About this exercise: Please print the full listing below exactly, but not the pictures in it.

Material provided:
#####

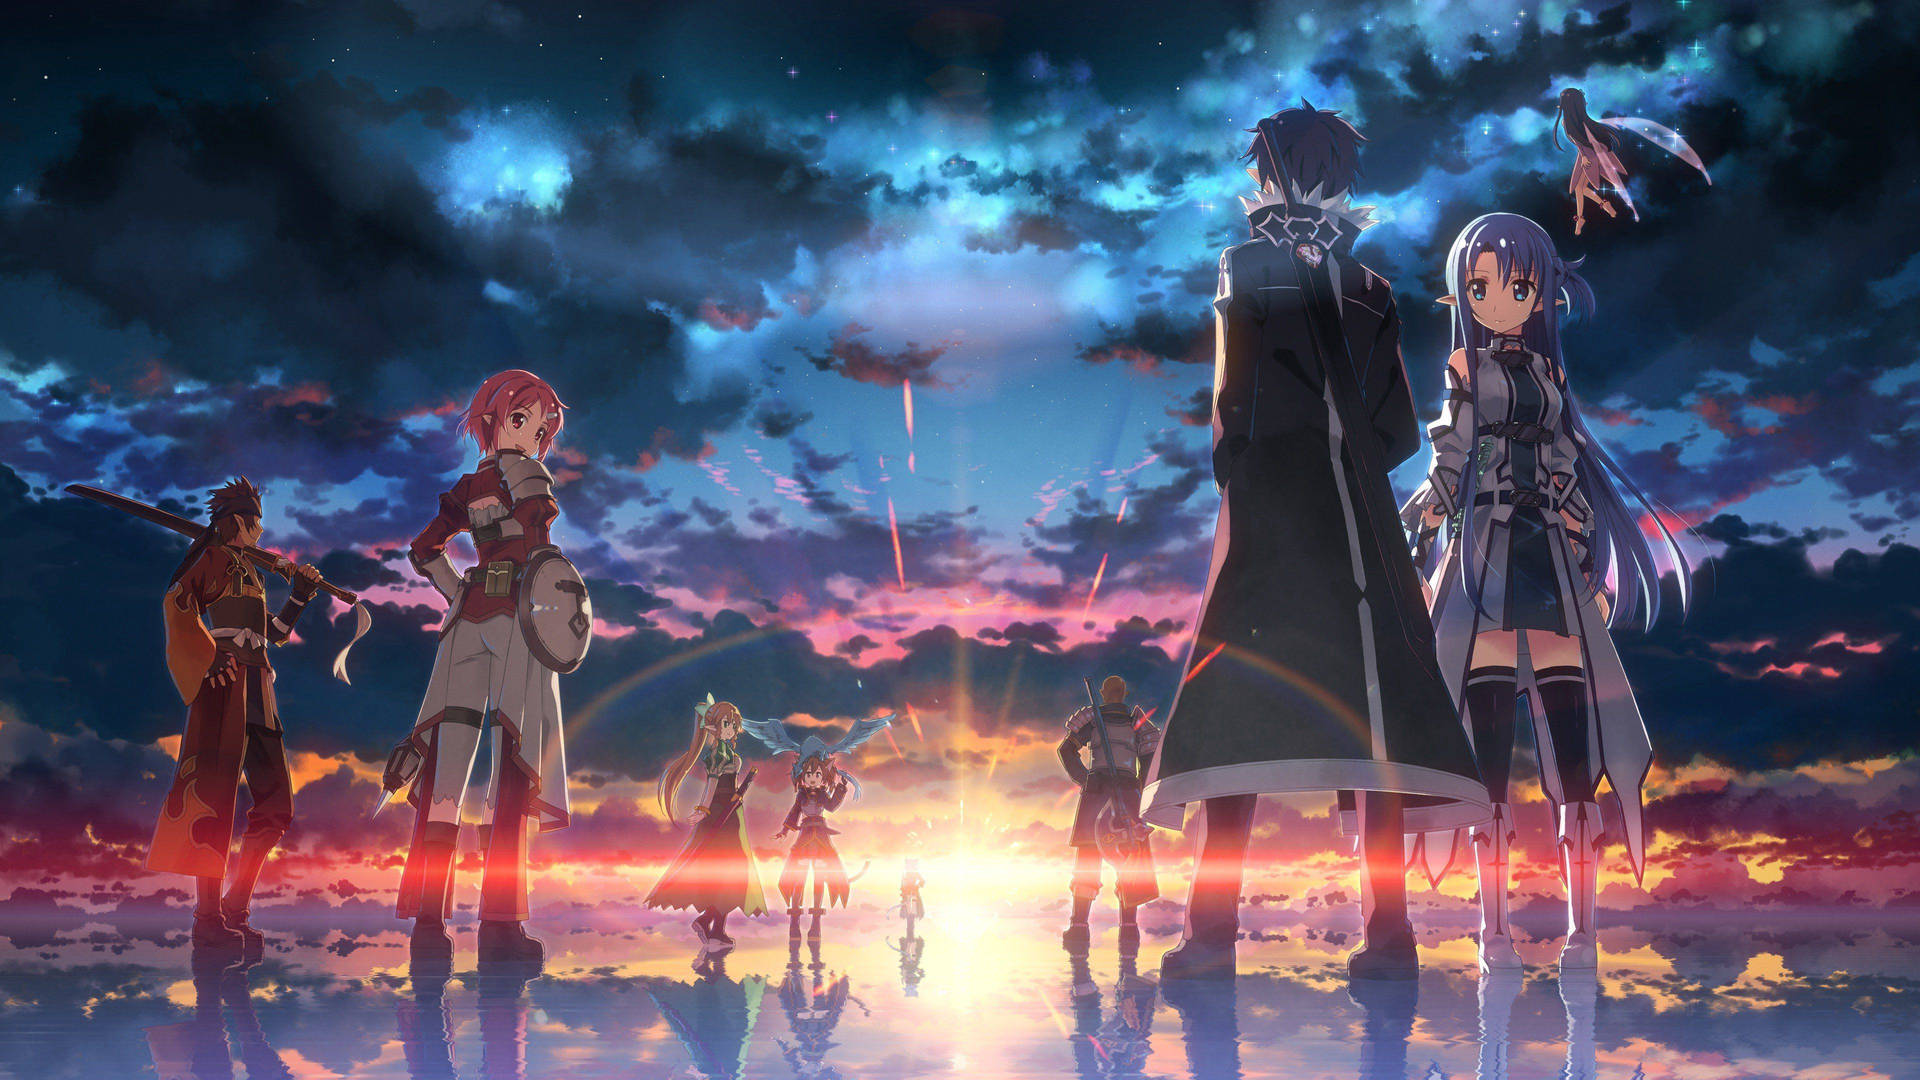 Defeat Your Enemies with Style - Become the Hero in Sword Art Online Wallpaper
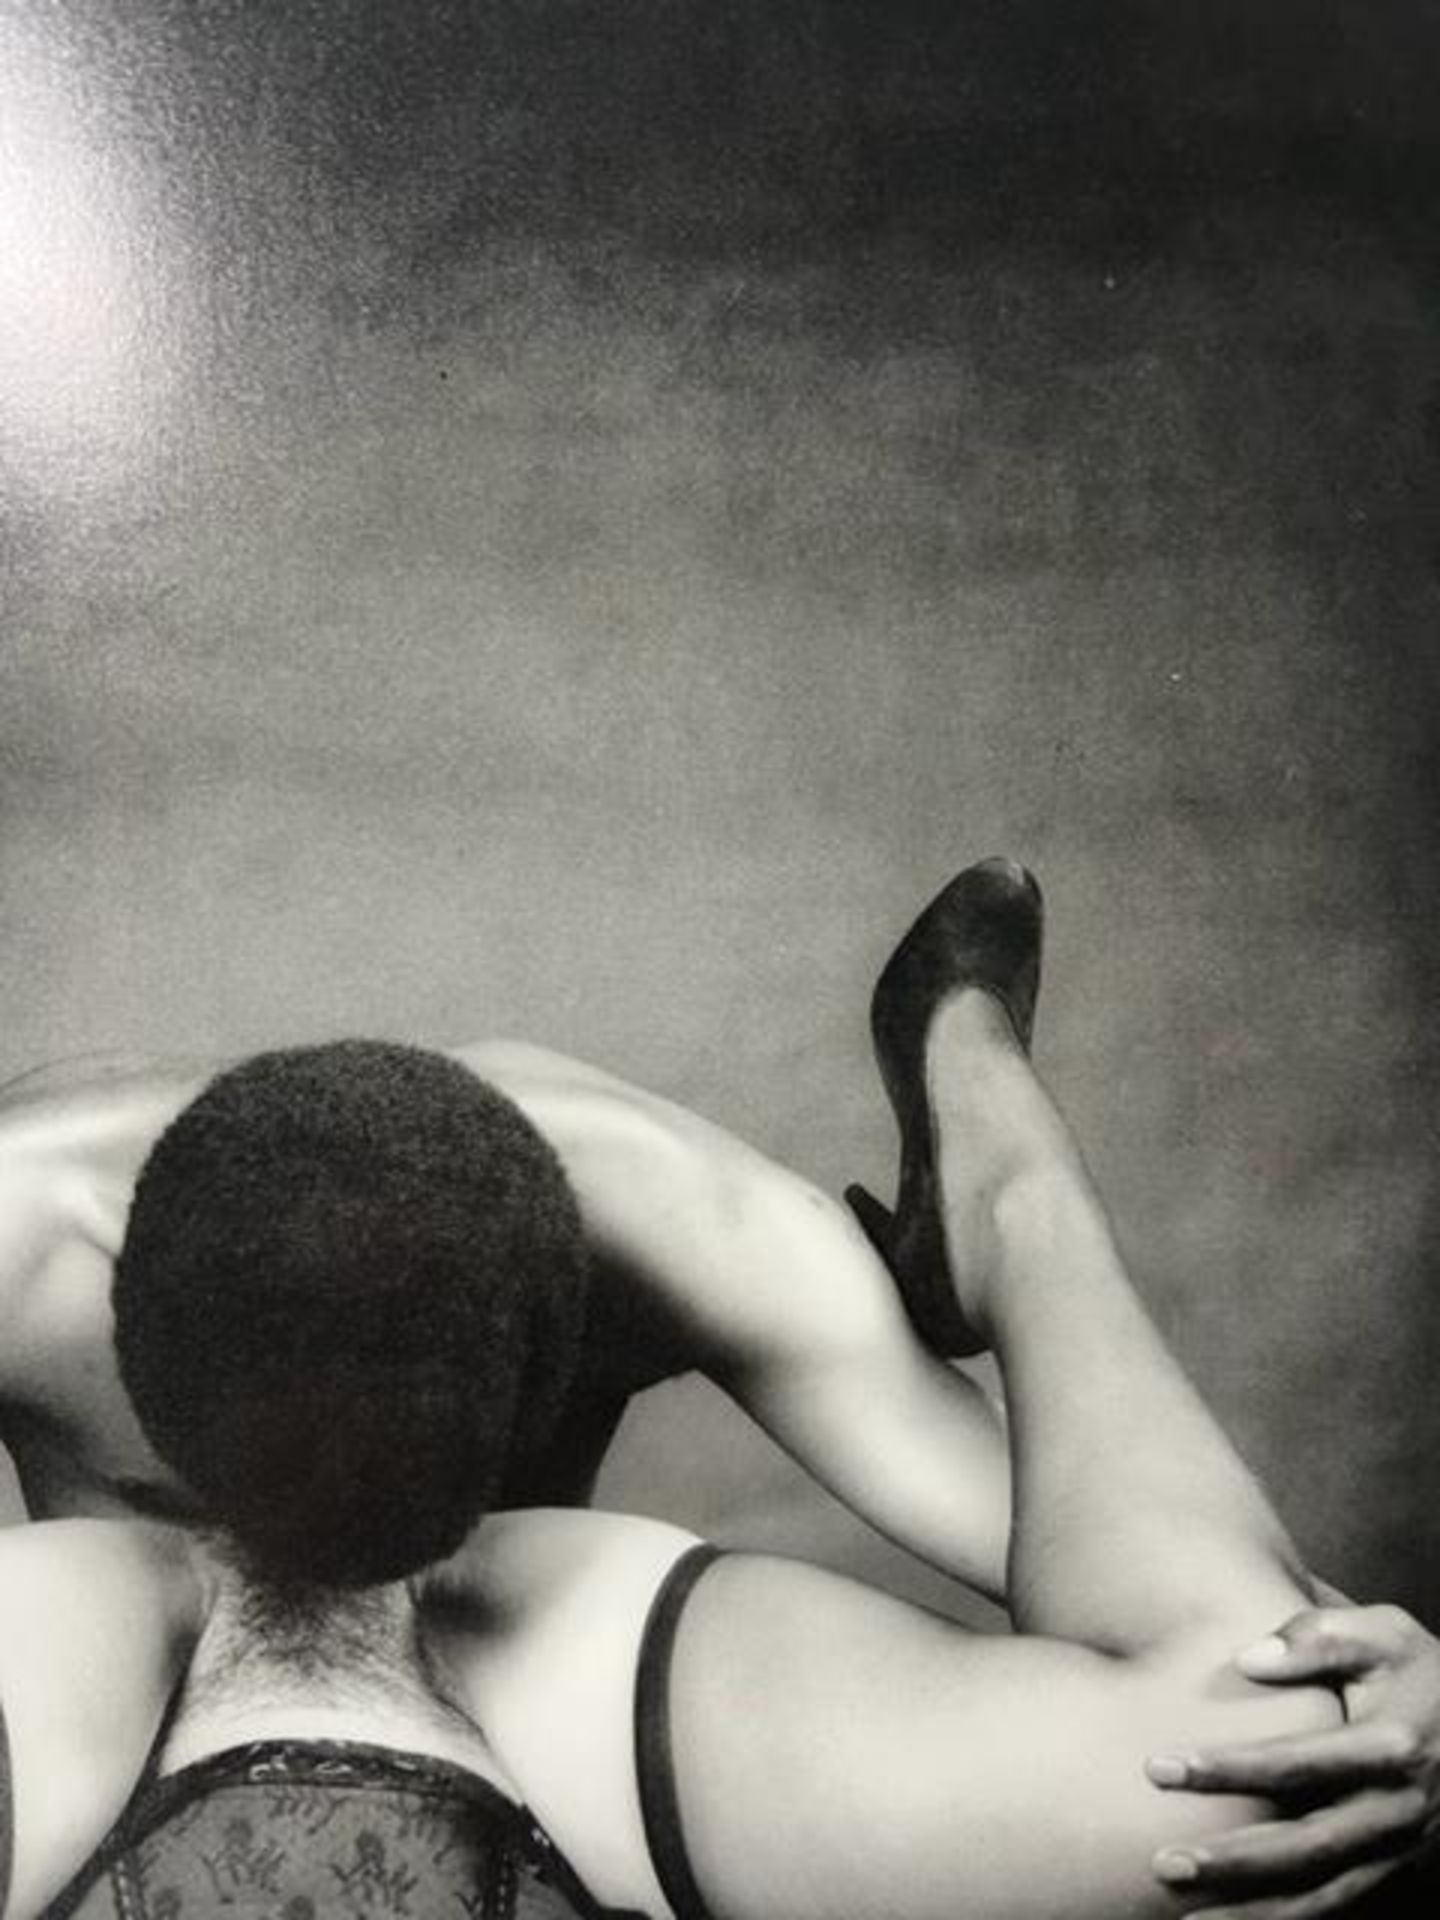 Robert Mapplethorpe "Marty and Veronica" Print. - Image 2 of 6
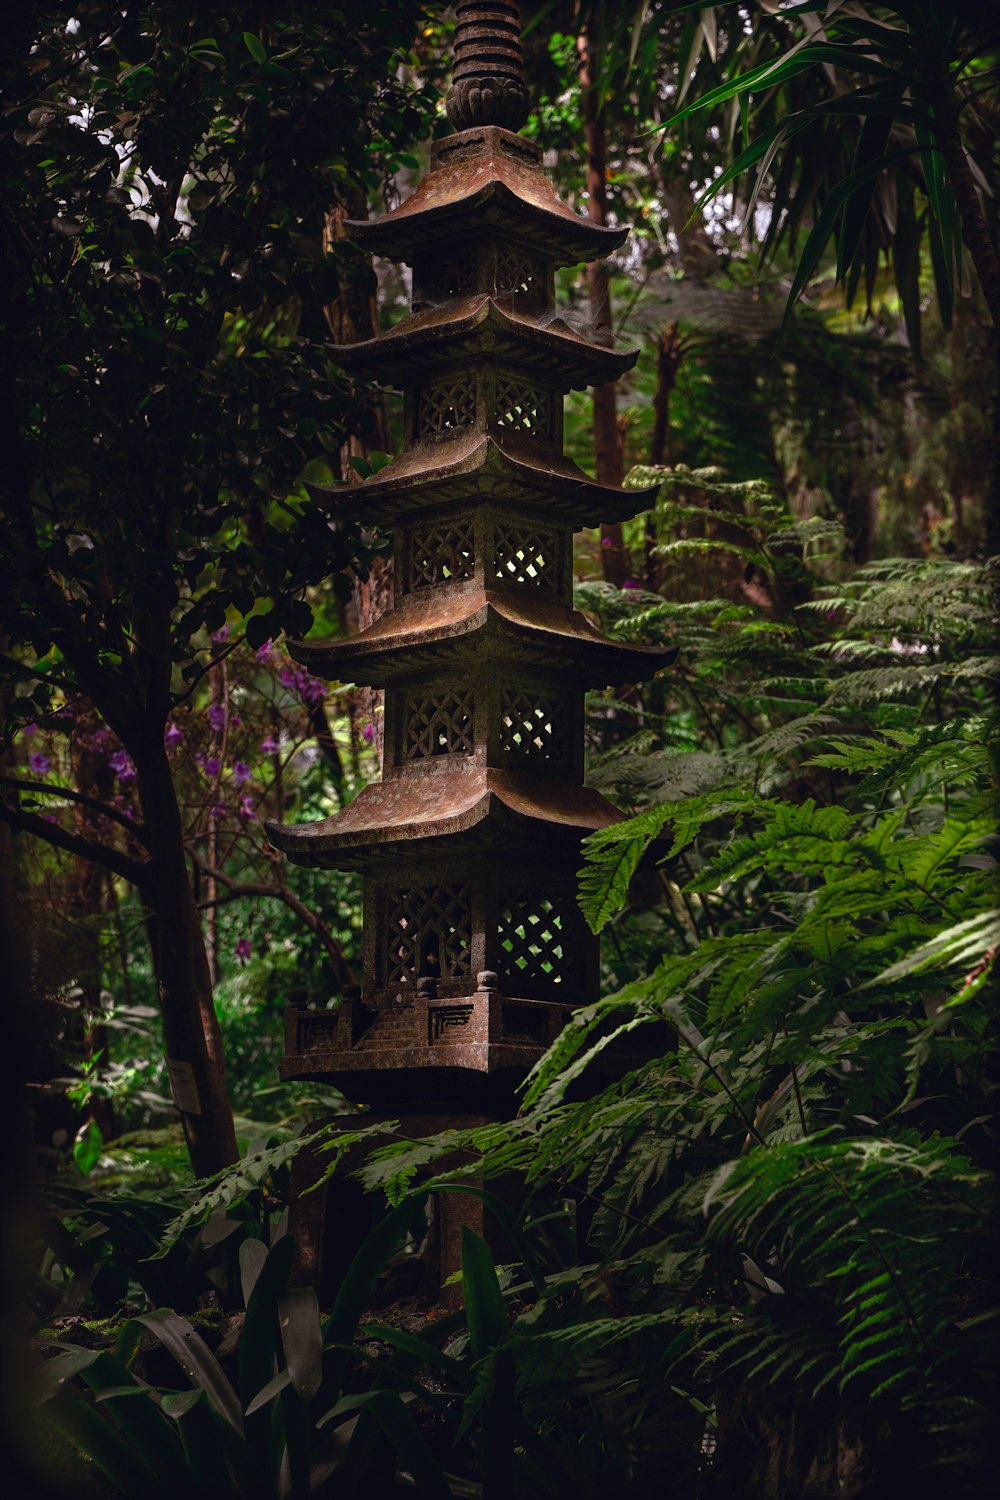 a tall pagoda in the middle of a forest
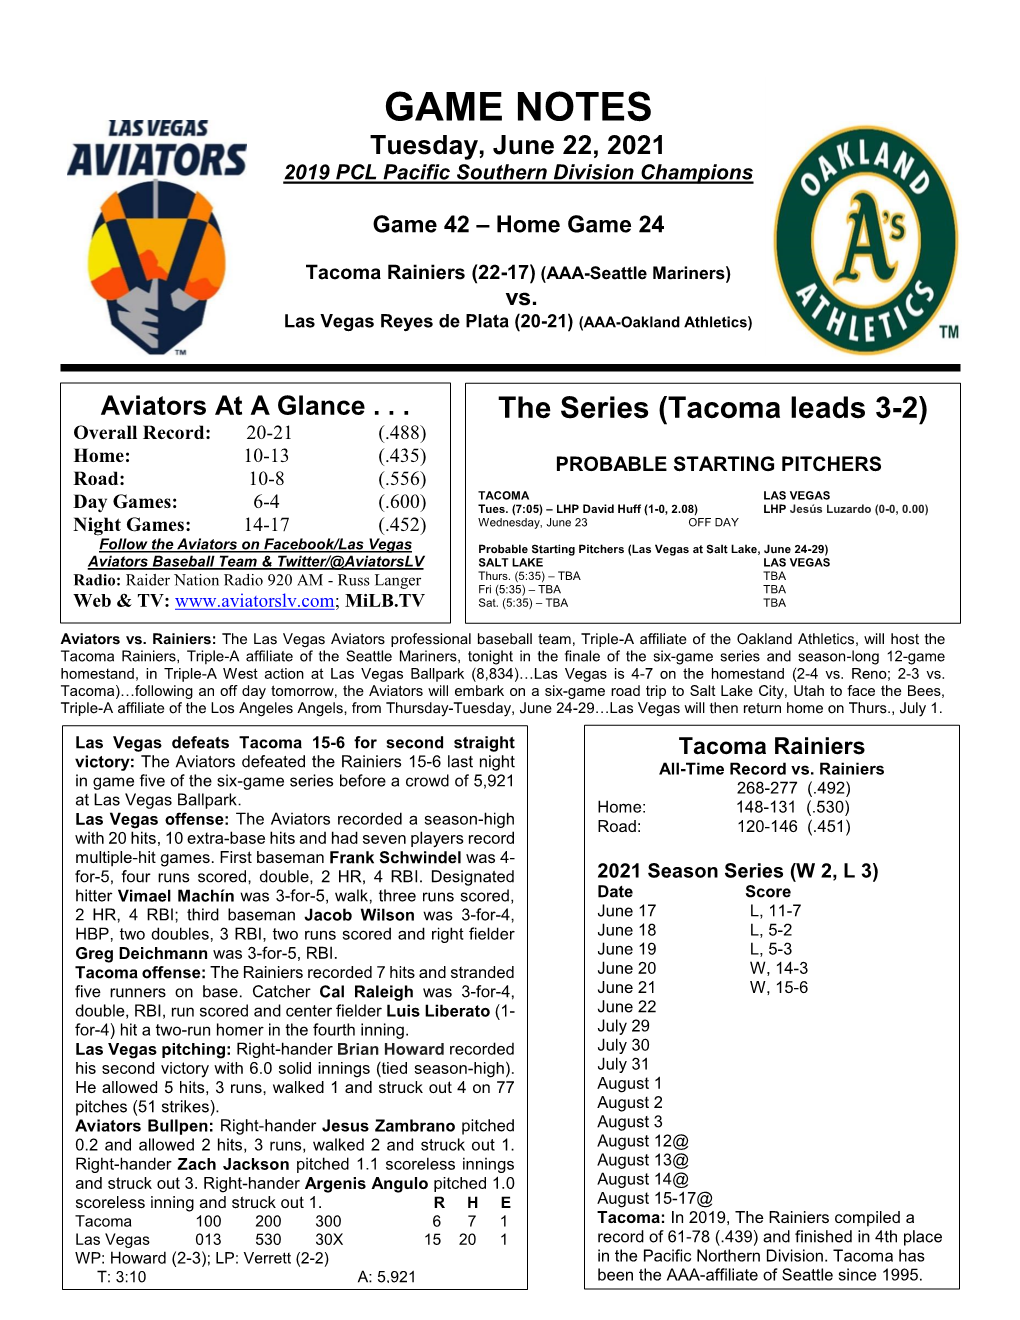 GAME NOTES Tuesday, June 22, 2021

#####

Answer section:
 Defeat Your Enemies with Style - Become the Hero in Sword Art Online Wallpaper
 Robert Mapplethorpe "Marty and Veronica" Print. - Image 2 of 6
 a tall pagoda in the middle of a forest
 GAME NOTES Tuesday, June 22, 2021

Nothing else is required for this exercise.